- Category Recreational artifacts
- Sub-category Public entertainment device
- Department Folklore
- Museum CMH
- Earliest 1891/01/01
- Latest 1981/10/05
- Materials Wood
- Measurements Height 36.9 cm, Width 9.5 cm, Depth 7.0 cm
- Related activity Puppetry
- Caption Black Dancing Doll, Nova Scotia, 19th century
- Additional Information The tradition of articulated wooden dolls is well known throughout the Western world, and reached its peak with the so-called Dutch dolls, or "penny woodens," of the nineteenth century. In Canada, this type of doll is often crafted to dance in time to traditional music. Manipulated by a stick attached to its back, the loose-jointed doll is held above a flexible board, its feet lightly touching; the board is tapped in time to the music, causing the doll to bounce in noisy imitation of step or clog dancing.

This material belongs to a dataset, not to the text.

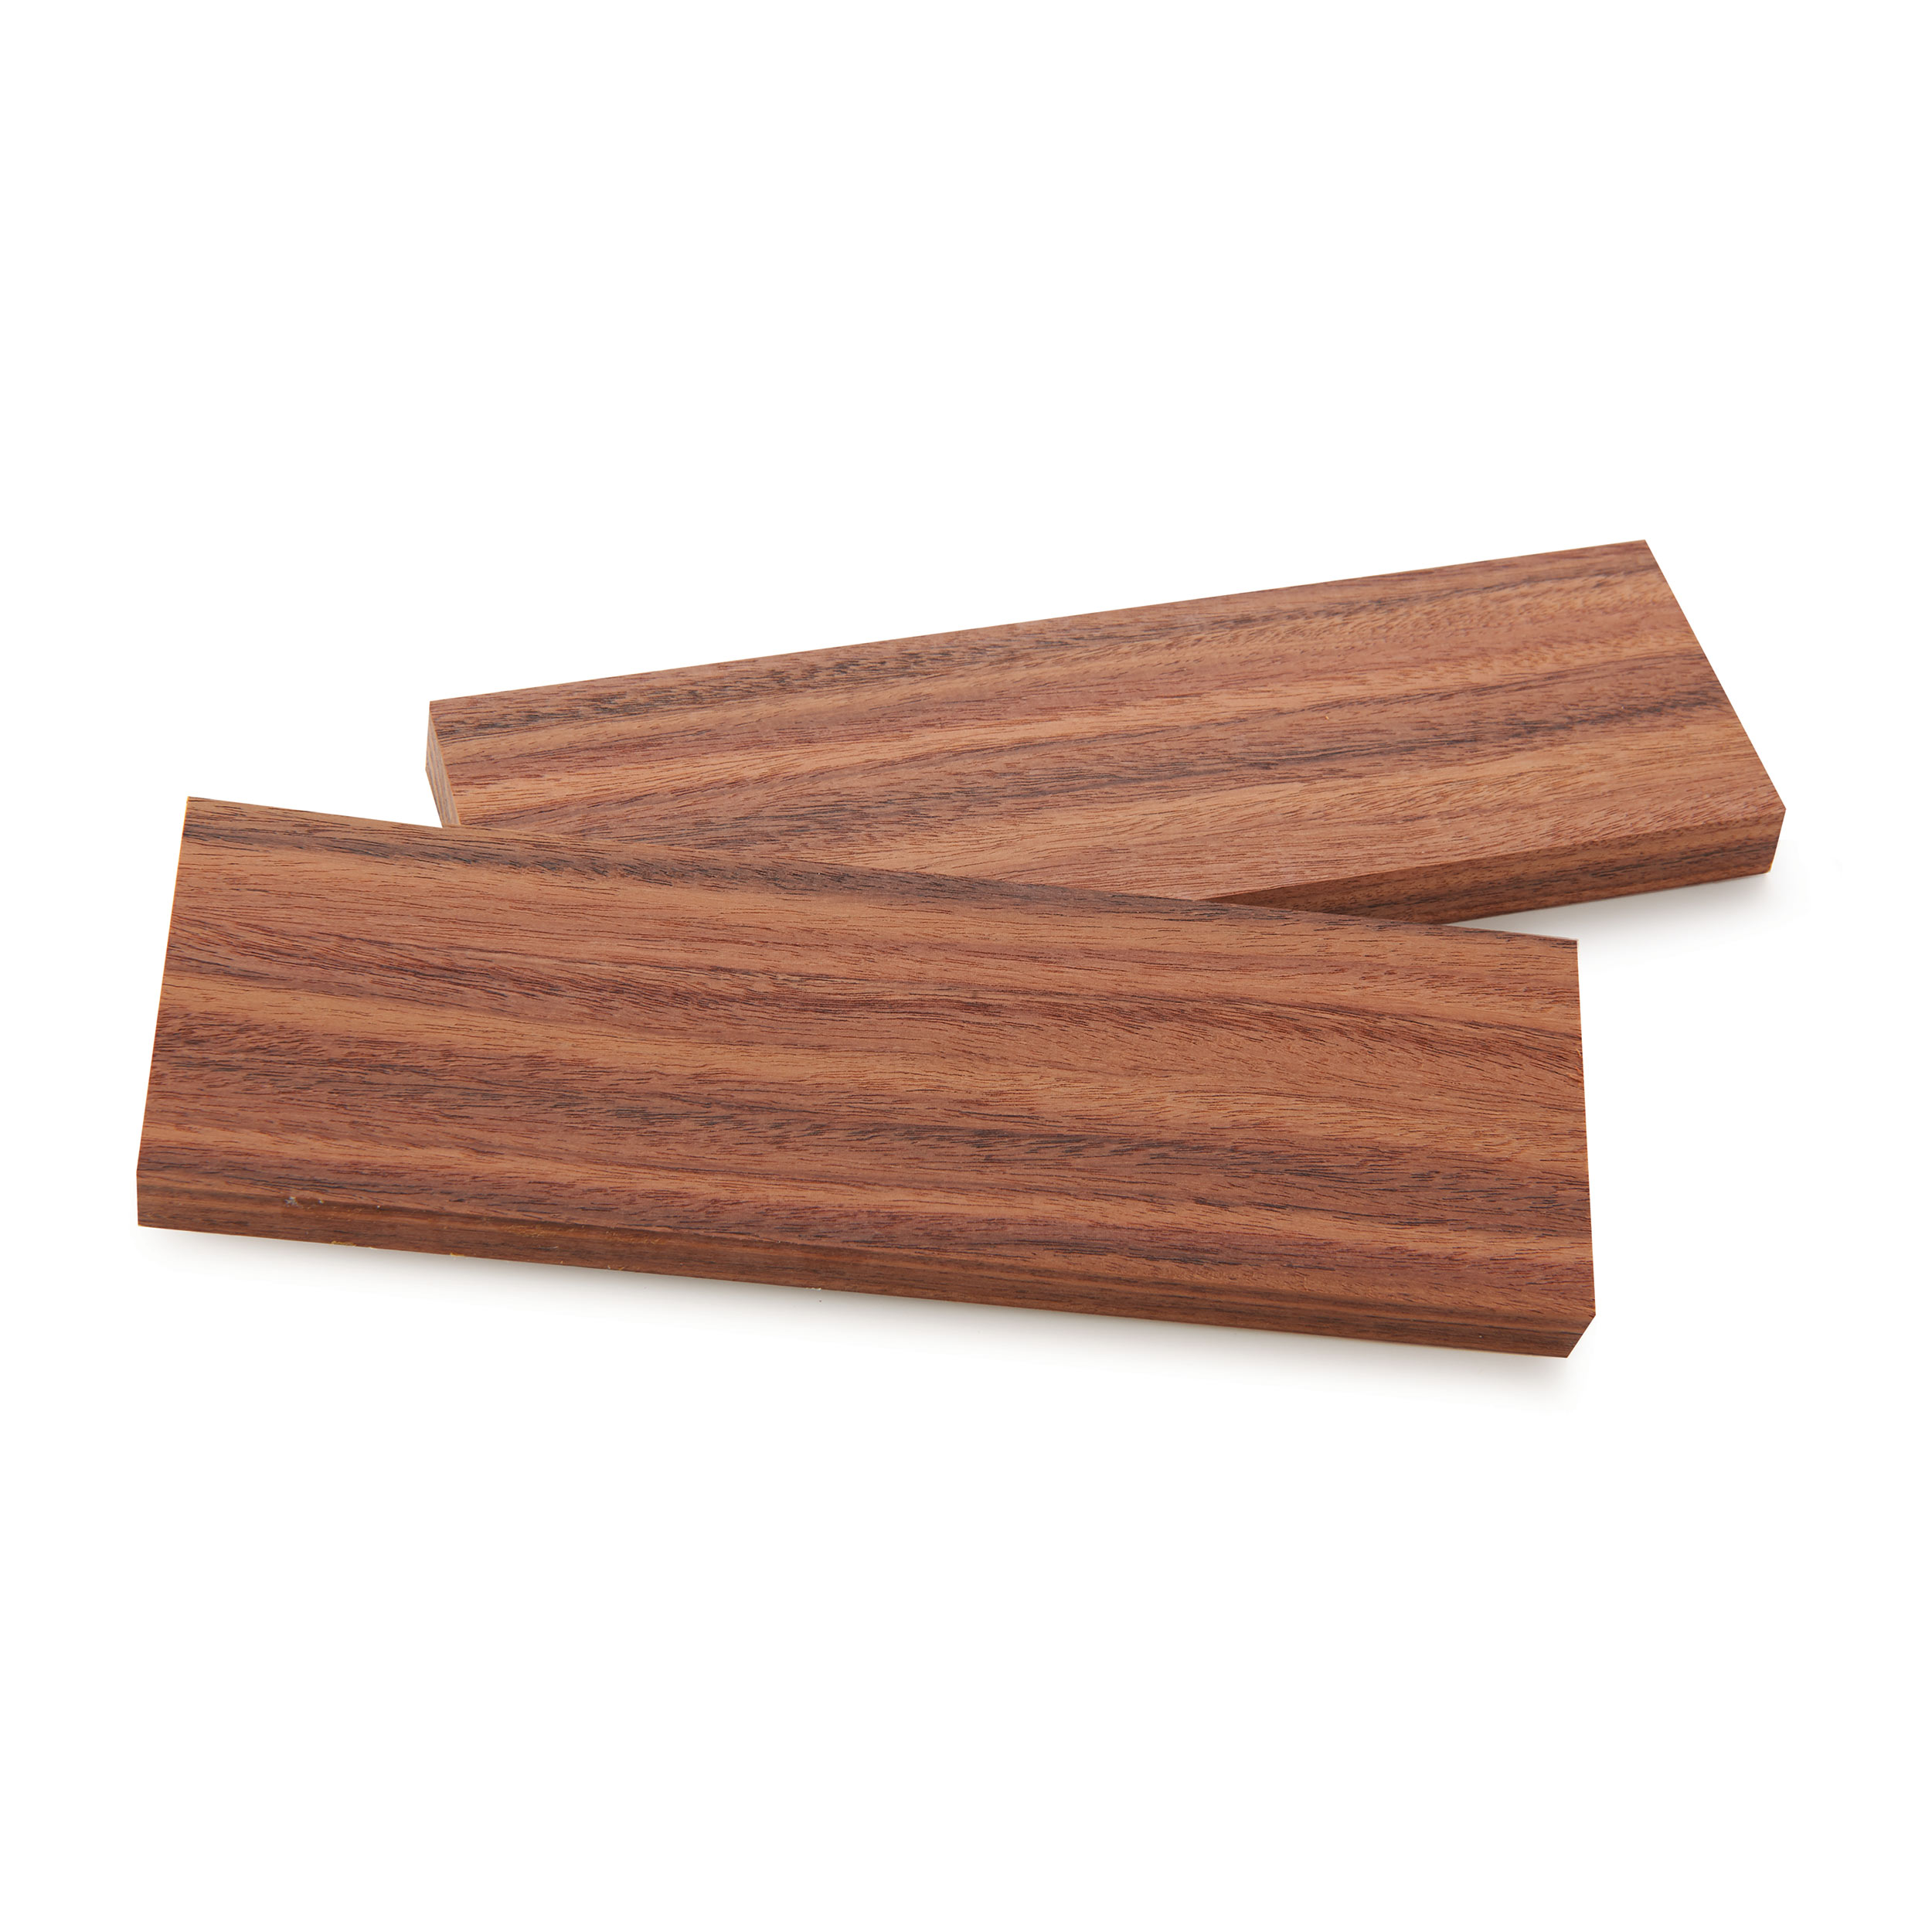 Rosewood, Bolivian 3/8" X 1.5" X 5" Knife Scale 2pc

The forms of these dancing dolls, or "limberjacks" as they are also known, vary considerably, some having articulated feet, arms and heads, in addition to the more commonly jointed knees and hips. Some are highly decorated and carved in three-dimensional form, while others are more simply made and are essentially flat. The dolls can also serve as outlets for the artist's sense of humour or whimsy. An example of the blackface dancing dolls, or limberjacks, of Nova Scotia, this well-aged specimen from the South Shore was probably made in the nineteenth century.
- Caption Limberjack
(Alternate names: Jig Doll, Dancing Doll)

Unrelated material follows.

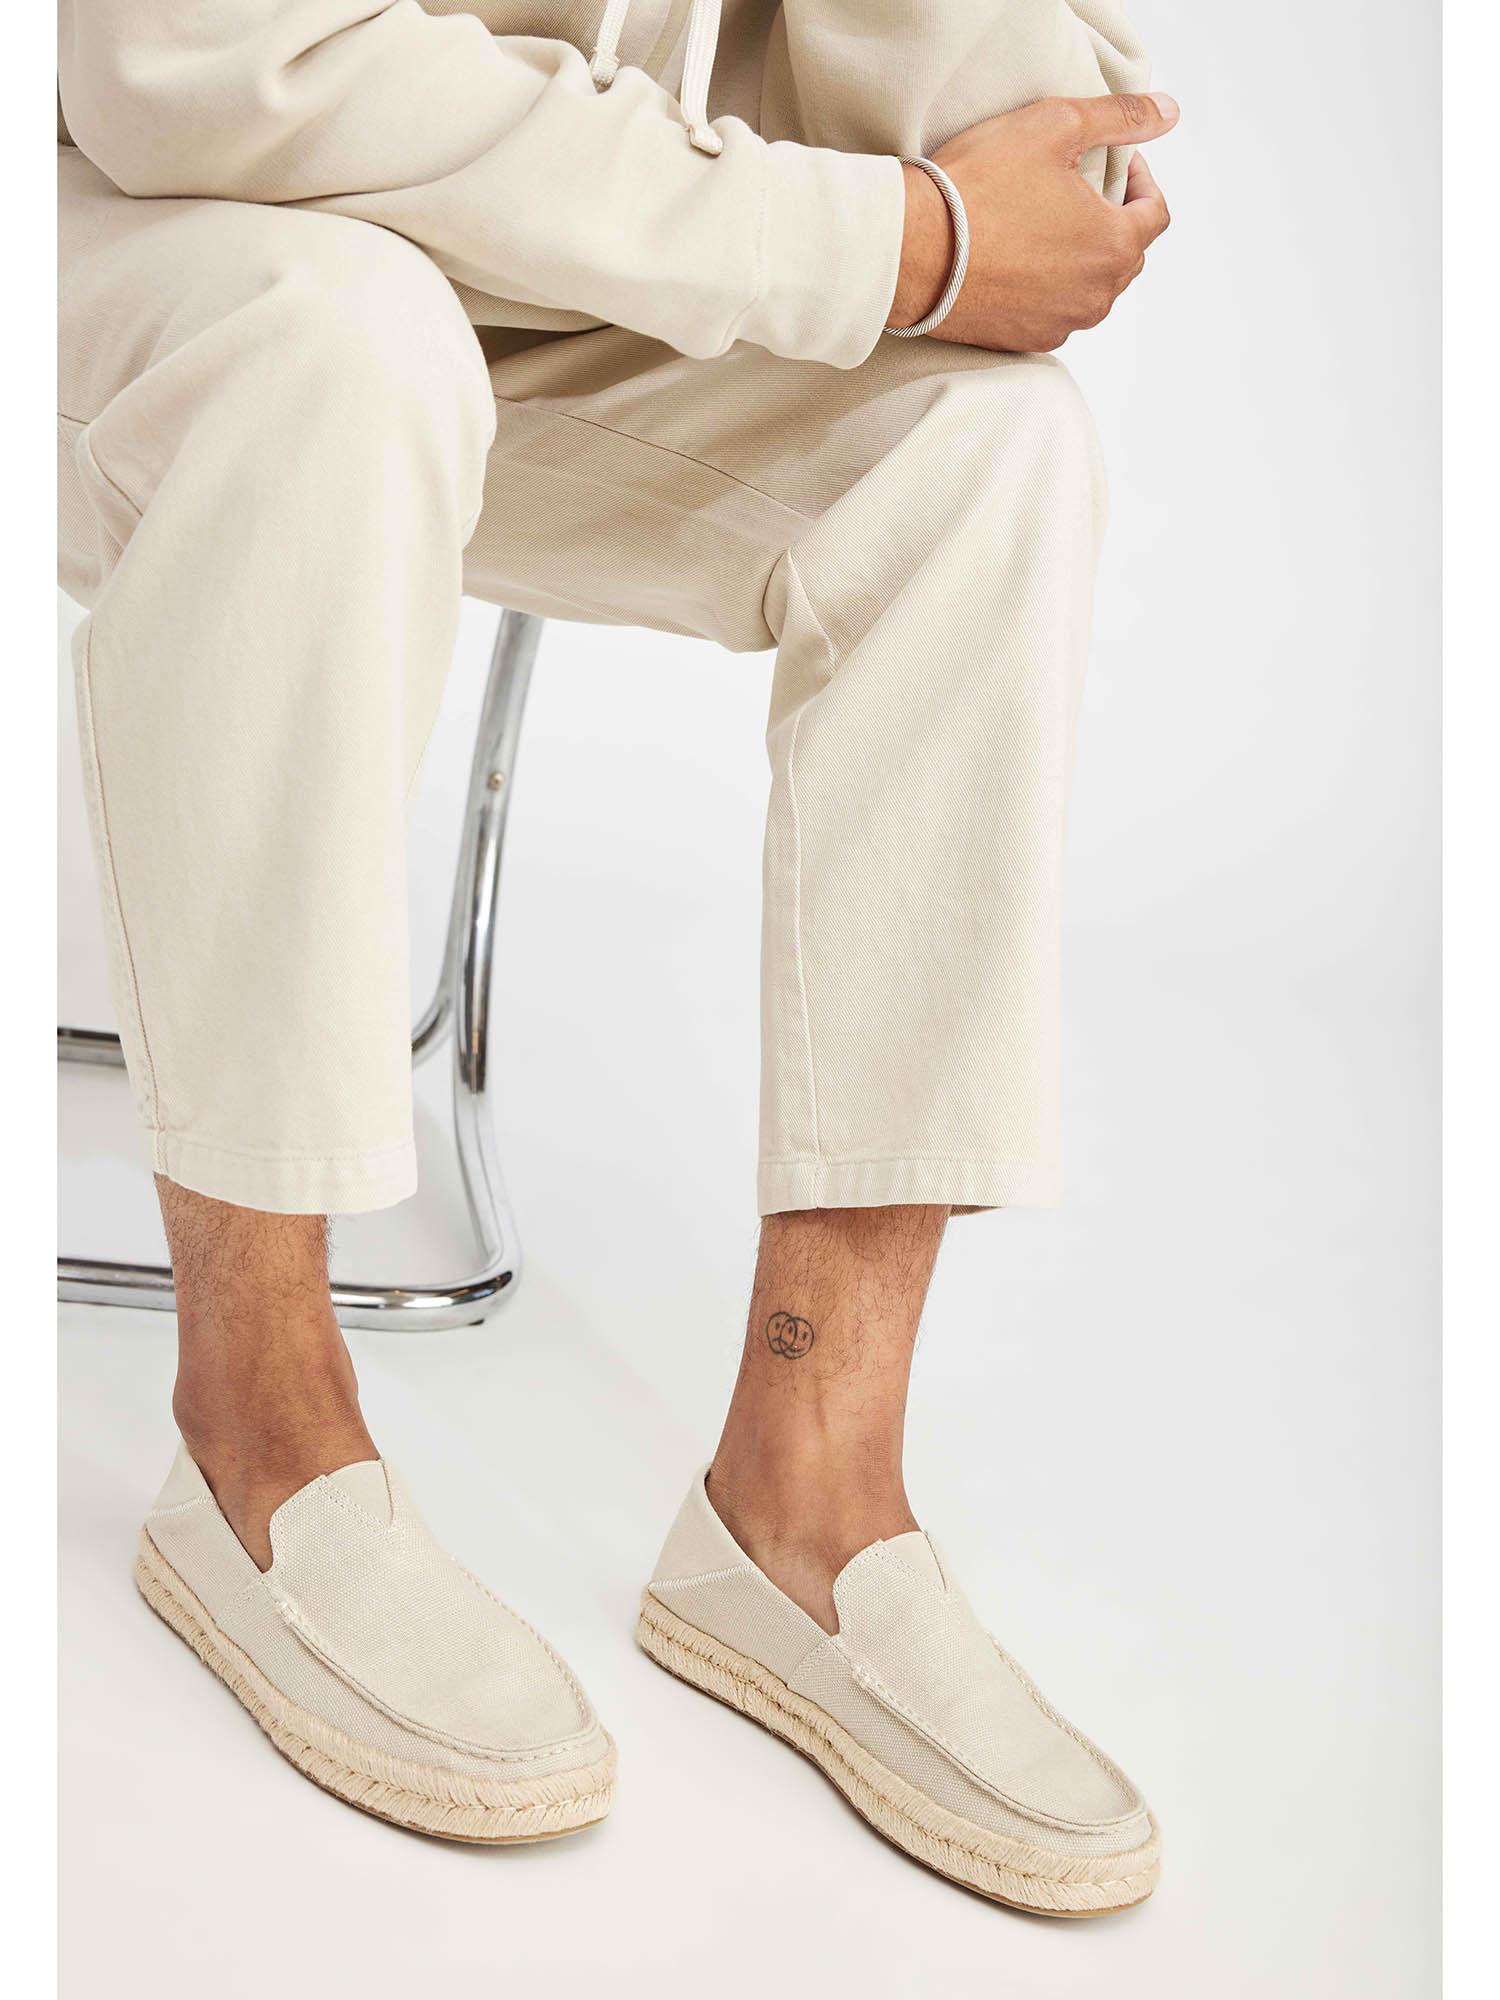 alonso-loafers-cream-suede-espadrilles

Wooden figure with articulated limbs, held by a rod attached to its back, and made to move - "dance" - when a plank of wood is vibrated beneath its feet. The arms are usually articulated at the shoulder, sometimes also at the elbow and wrist, and the legs can have as many as four joints. At the sound of music - traditionally that of the fiddle - the limberjack is made to "dance", or "jig". The actual manipulation of the puppet has a musical aspect as well, given that the noise of the puppet's feet on the plank creates various rhythms in time with the music.